PROBLEM REQUIREMENTS:
Return the full set of entries below exactly, leaving every image out.

DATASET:

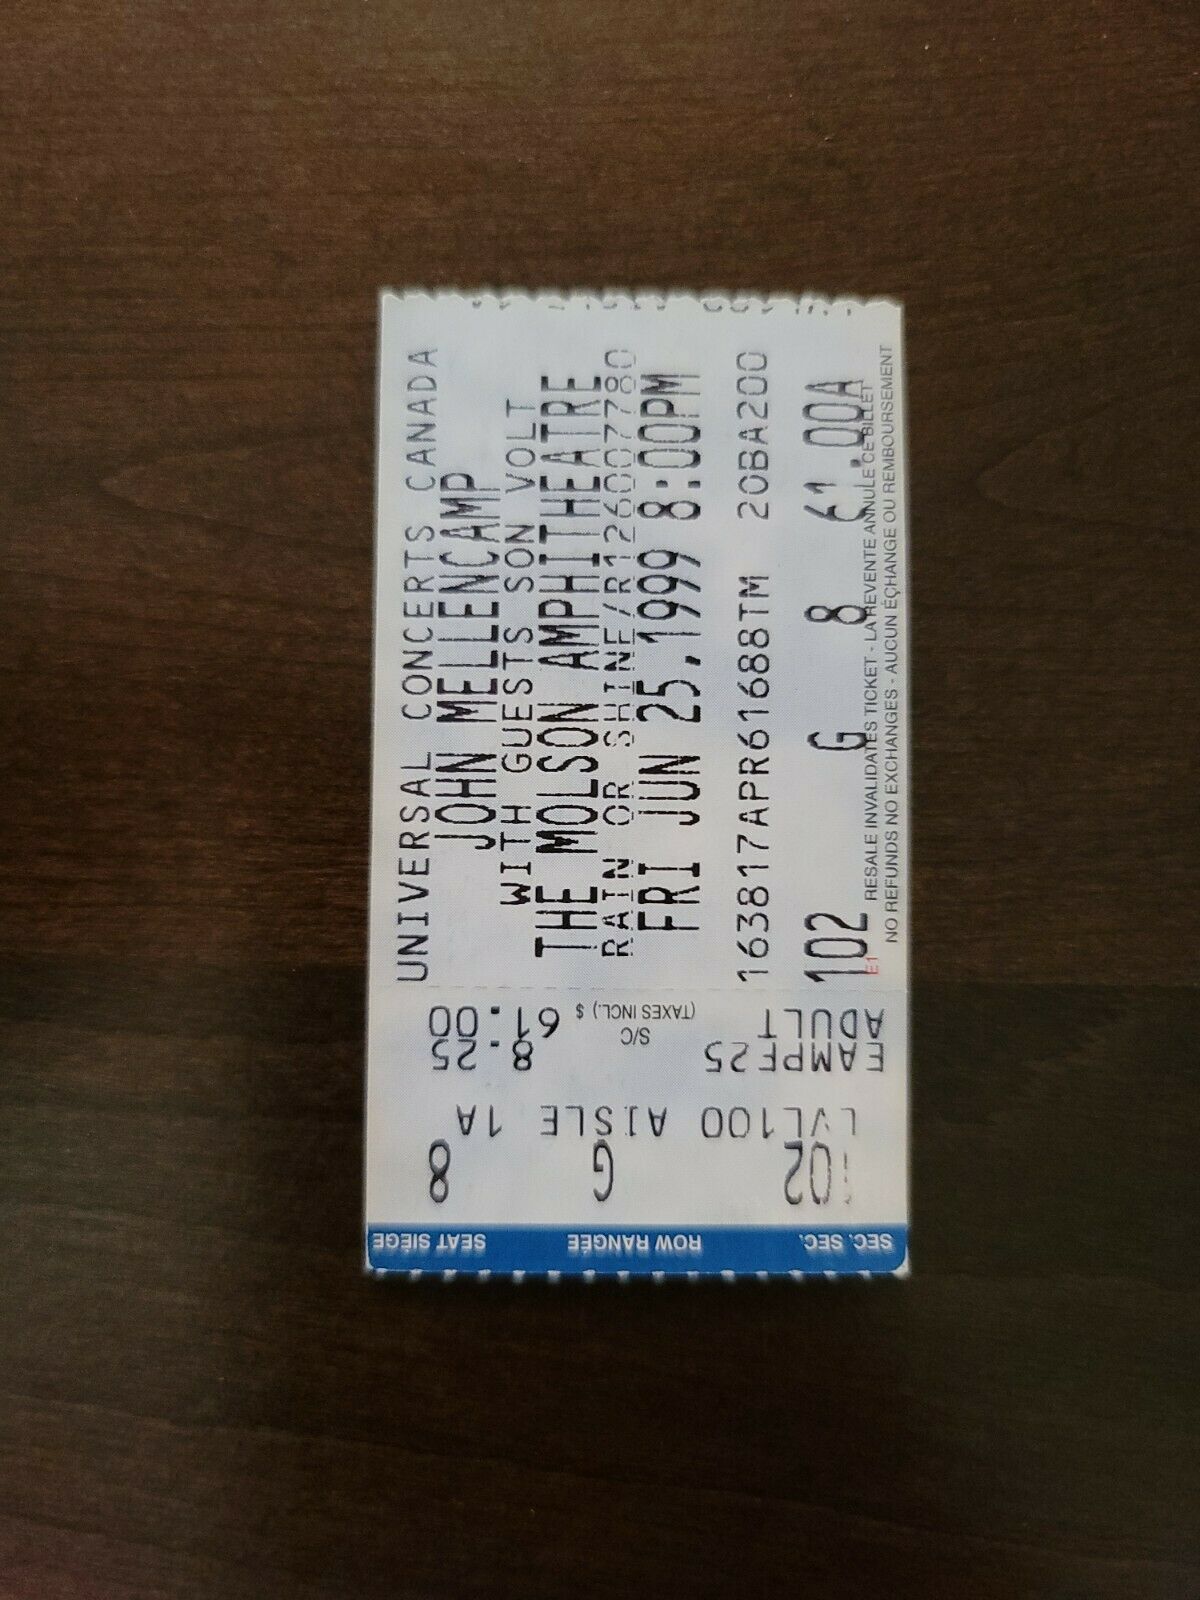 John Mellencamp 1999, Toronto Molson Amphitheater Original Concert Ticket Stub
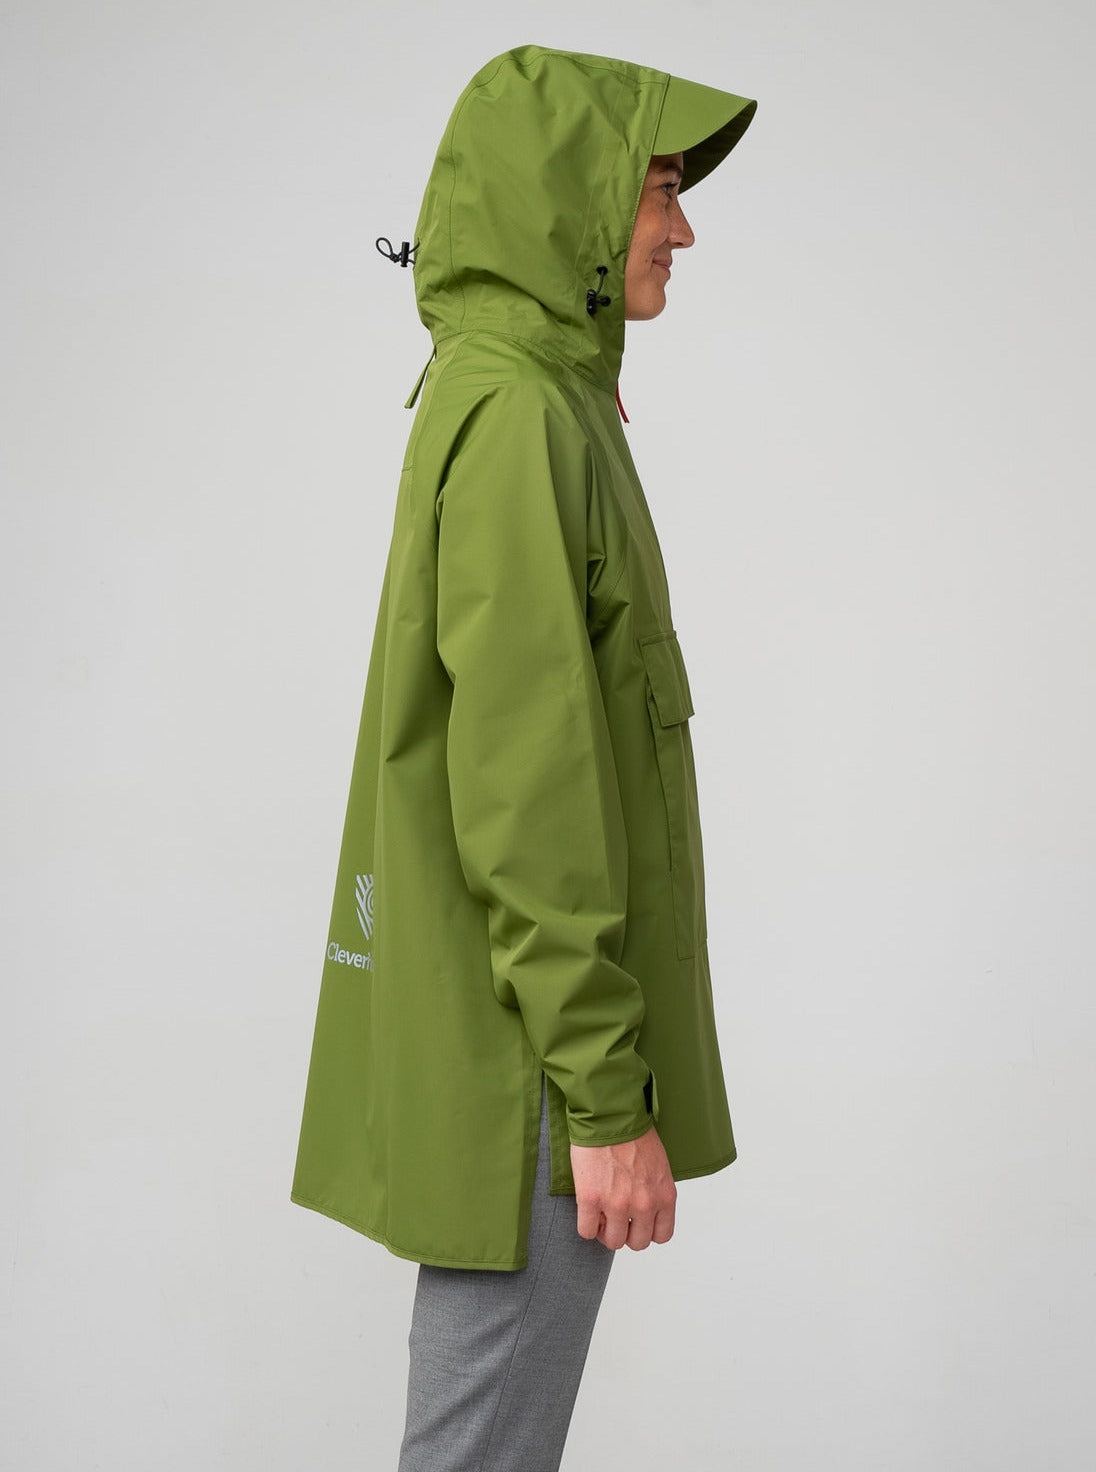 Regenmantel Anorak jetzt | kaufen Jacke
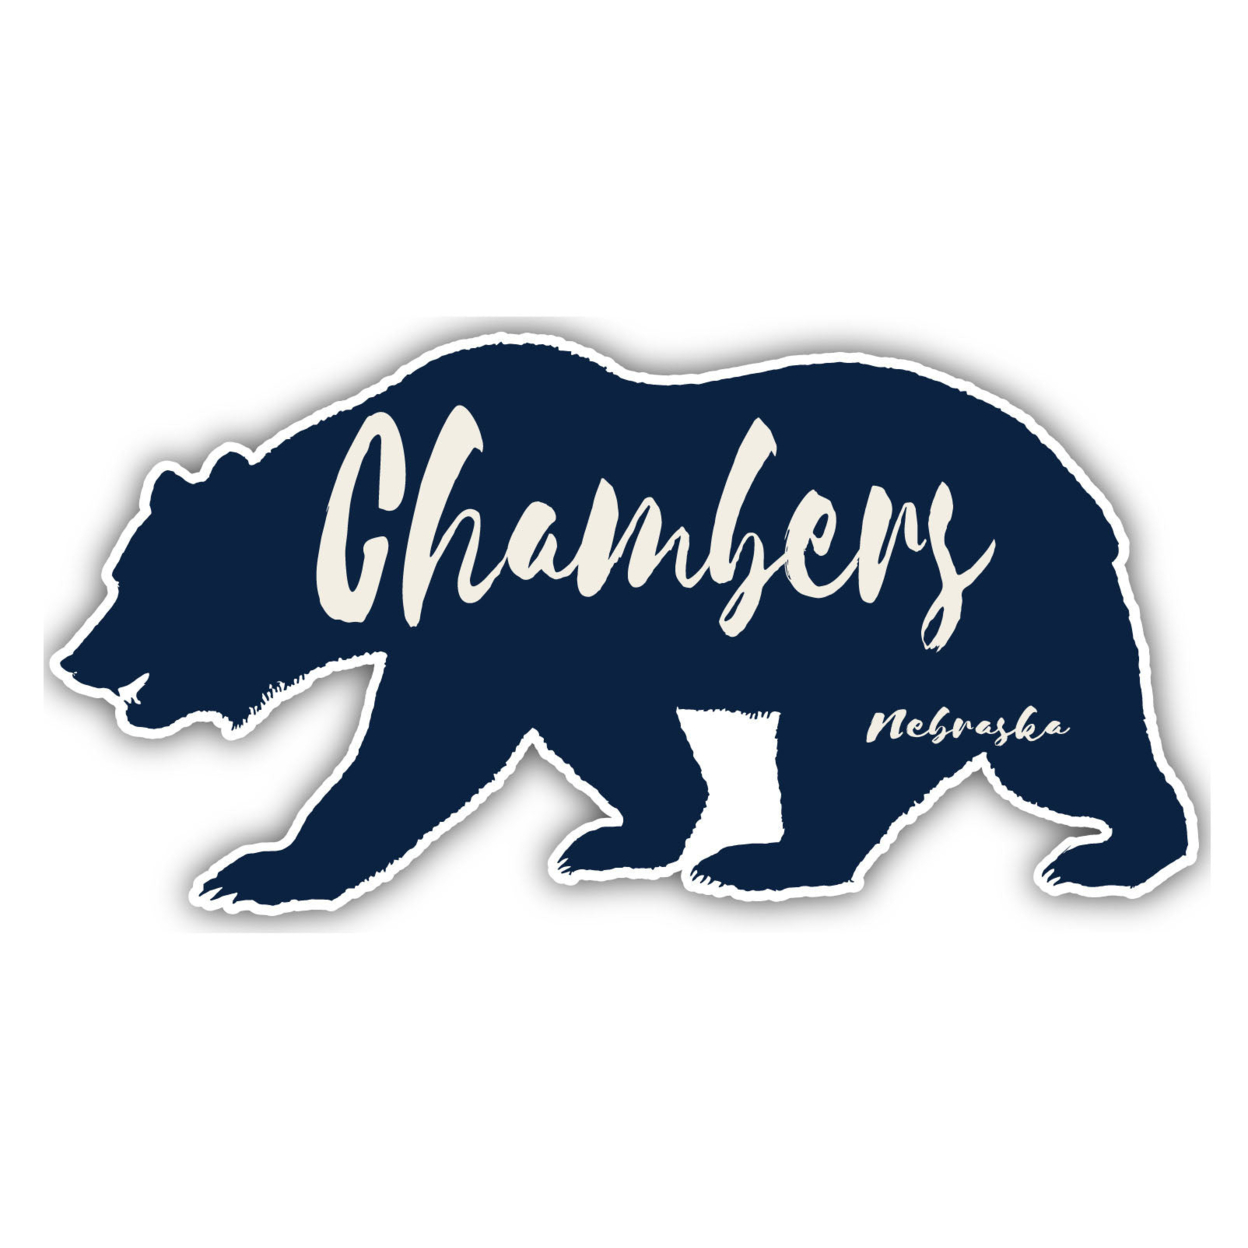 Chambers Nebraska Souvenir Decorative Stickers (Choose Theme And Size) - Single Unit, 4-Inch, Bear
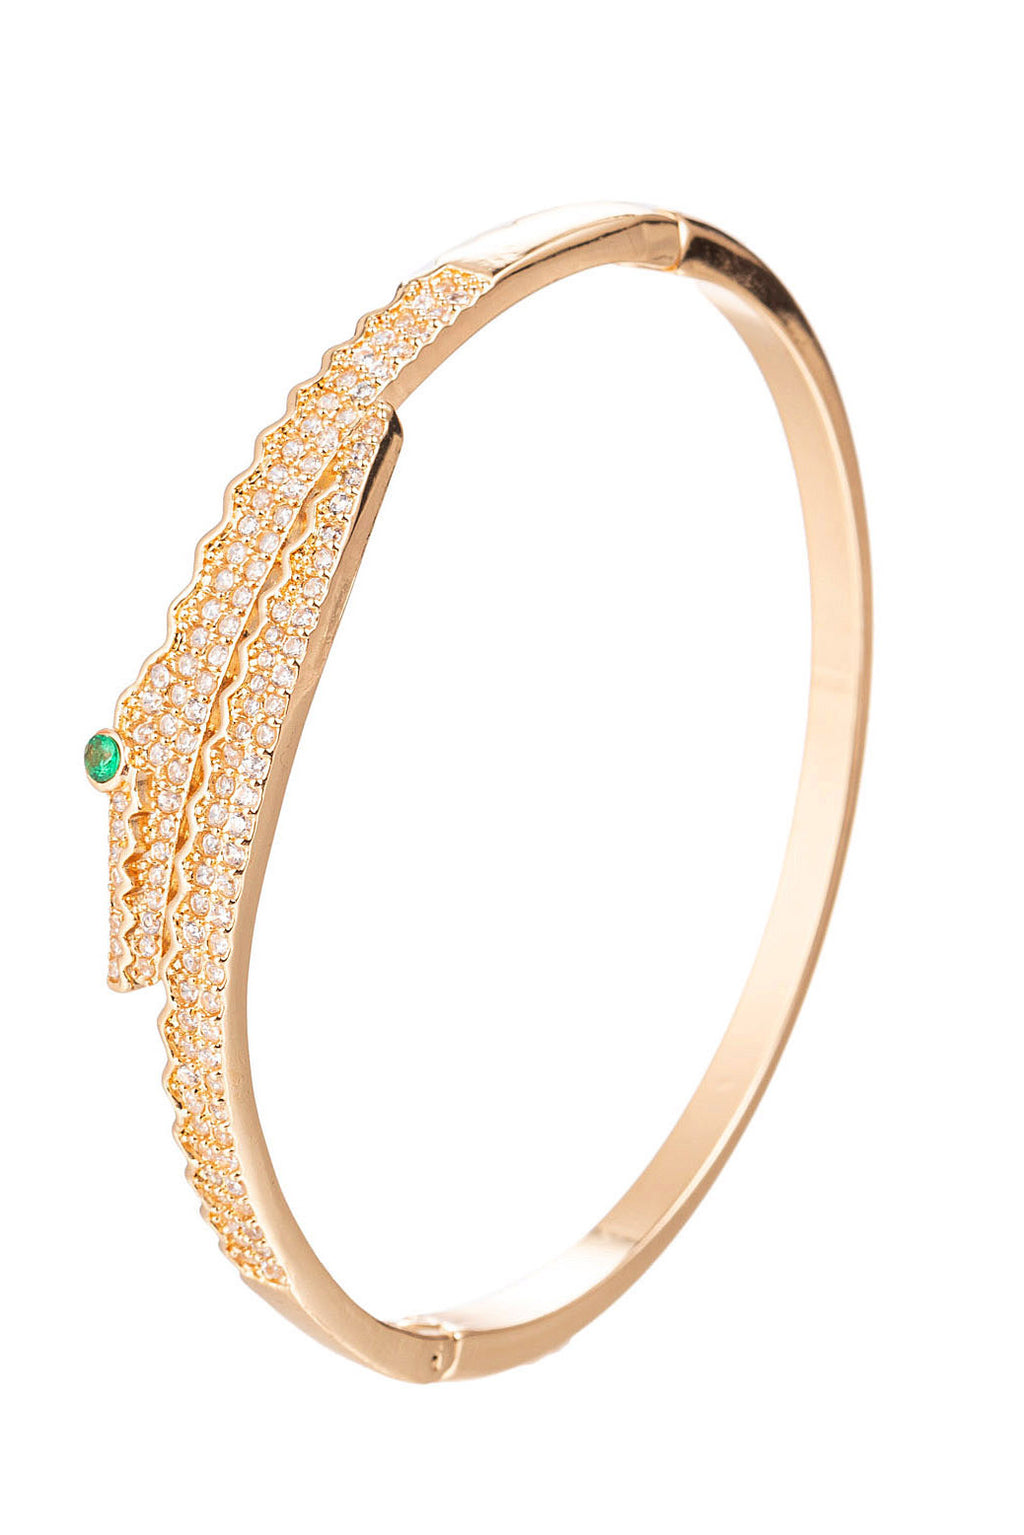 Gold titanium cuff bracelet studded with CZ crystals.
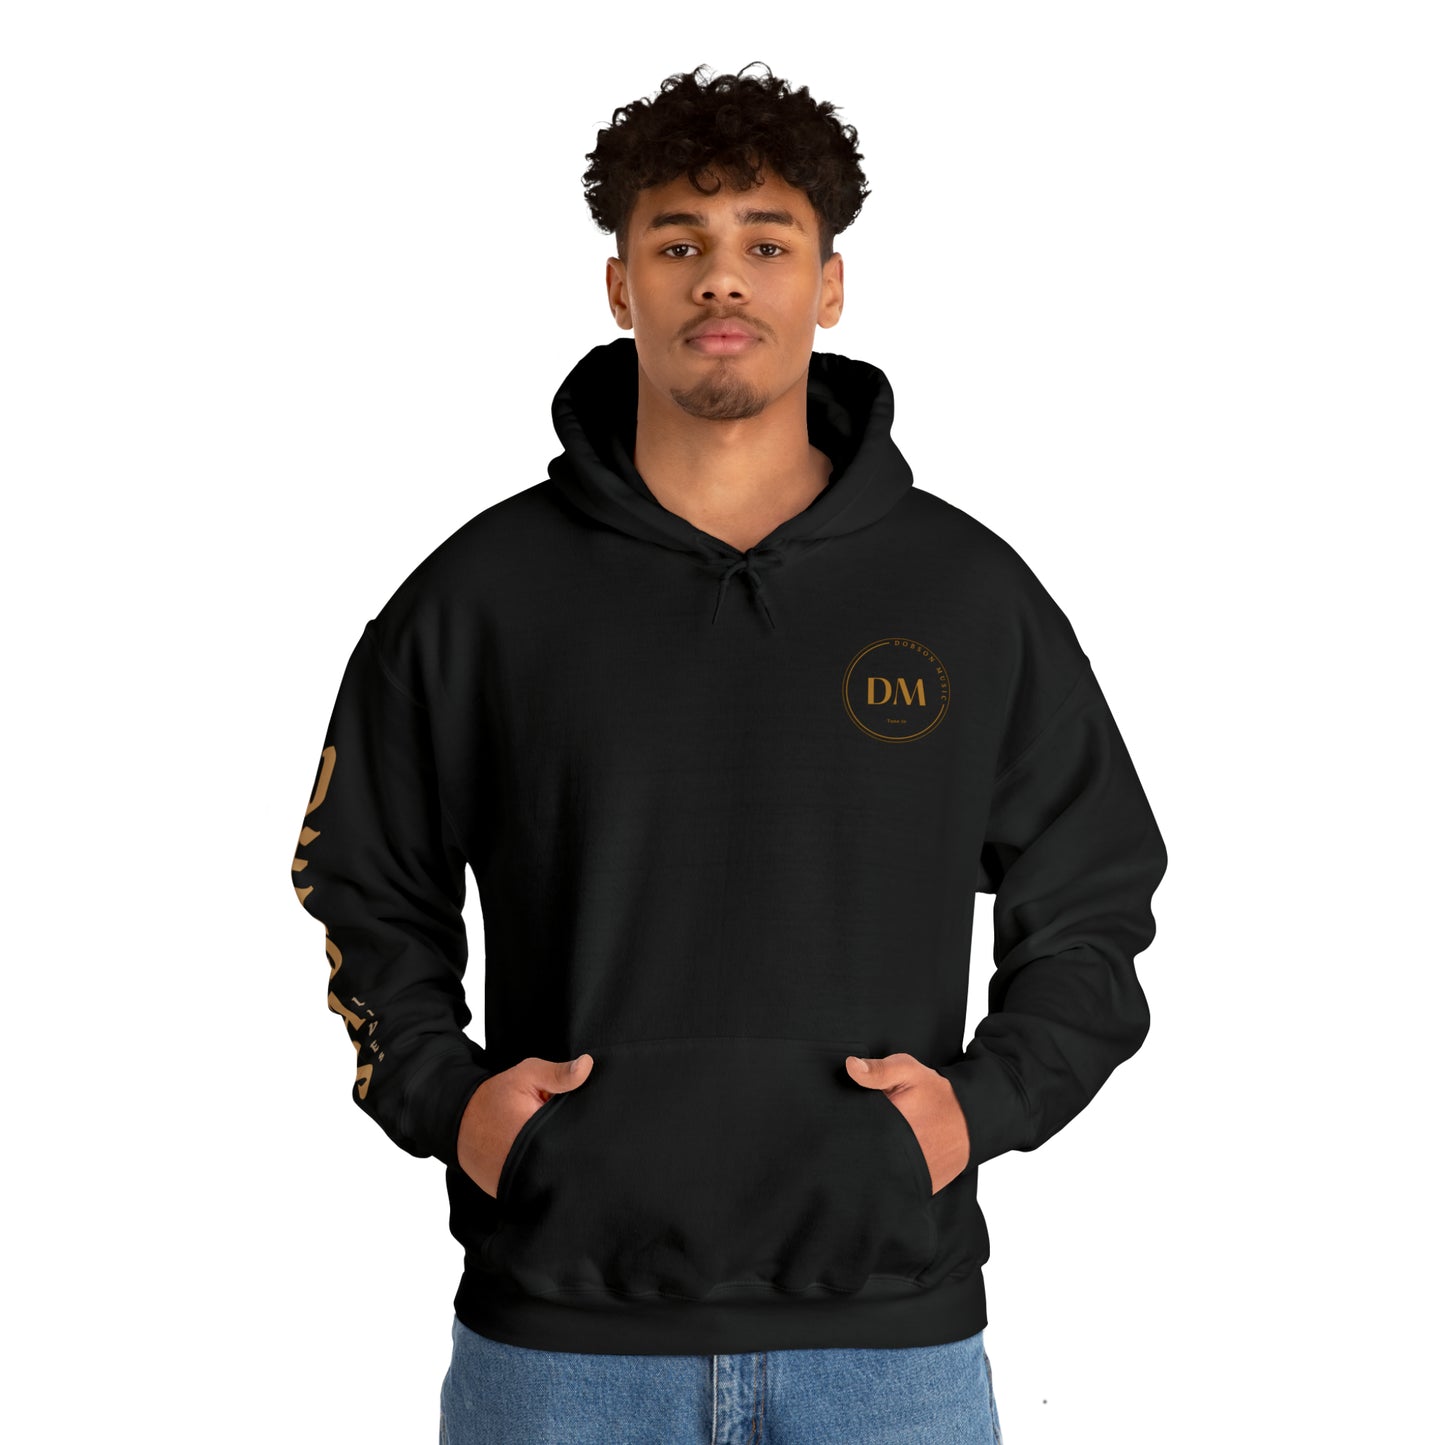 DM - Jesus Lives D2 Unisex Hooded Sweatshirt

EXERCISE RESPONSE:
 John Mellencamp 1999, Toronto Molson Amphitheater Original Concert Ticket Stub
 Regenmantel Anorak jetzt | kaufen Jacke
 Chambers Nebraska Souvenir Decorative Stickers (Choose Theme And Size) - Single Unit, 4-Inch, Bear
 Gold titanium cuff bracelet studded with CZ crystals.
 DM - Jesus Lives D2 Unisex Hooded Sweatshirt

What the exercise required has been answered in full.